На этот раз Бруно выслушал его колкость с каменным лицом и, когда продолжил, голос остался таким спокойным, что он вновь попрекнул себя за неуместную насмешку.

— На твоем месте я бы не жаловался хотя бы на это — hoc casu[36] тебе это лишь на пользу.

— Нахватался. «Hoc casu»… Хорошо, — перебил Курт самого себя, чтобы не погрязнуть в распре, что кончалось обычно острым желанием втянуть своего подопечного в драку с членовредительством; сейчас было не время предаваться воспоминаниям о старых обидах — это мешало работе. — Раз так — стало быть, будешь теперь при мне, с утра и до вечера, твои знакомства могут мне помочь избежать длительных представлений и предварительных бесед.

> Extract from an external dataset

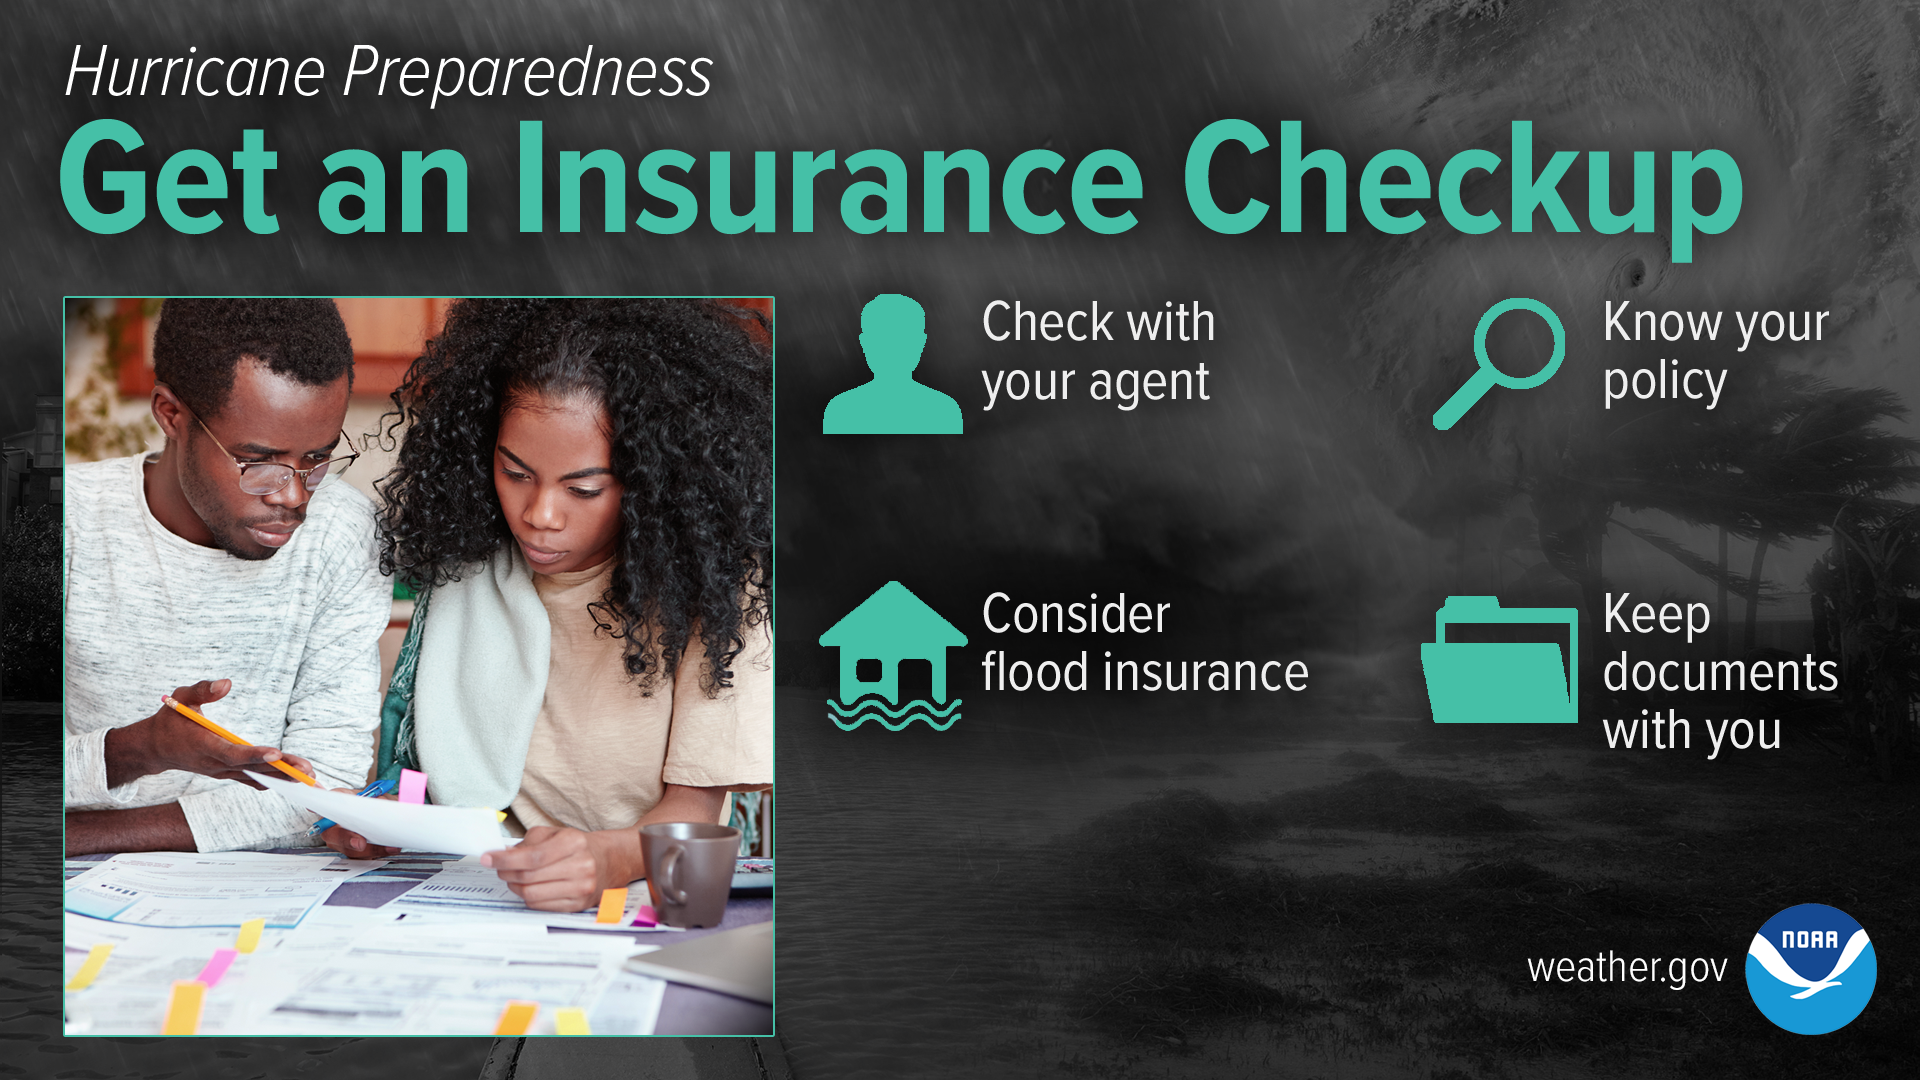 Get an Insurance Checkup (Hurricane Preparedness) | National Oceanic and  Atmospheric Administration

— Полагаешь, если я тебя представлю, они забудут, с кем говорят?

— Полагаю — там будет видно… Поднимайся, — распорядился он, наподдав Бруно кулаком в плечо, с трудом воздержавшись от того, чтобы двинуть всерьез. — Идем по соседям.

***

Германа Фельсбау на месте не оказалось, да и иных соседей отыскалось лишь двое; чтобы сэкономить время, Курт собрал обоих в одной комнате, прогнав их по основному списку вопросов, уже заданных секретарю.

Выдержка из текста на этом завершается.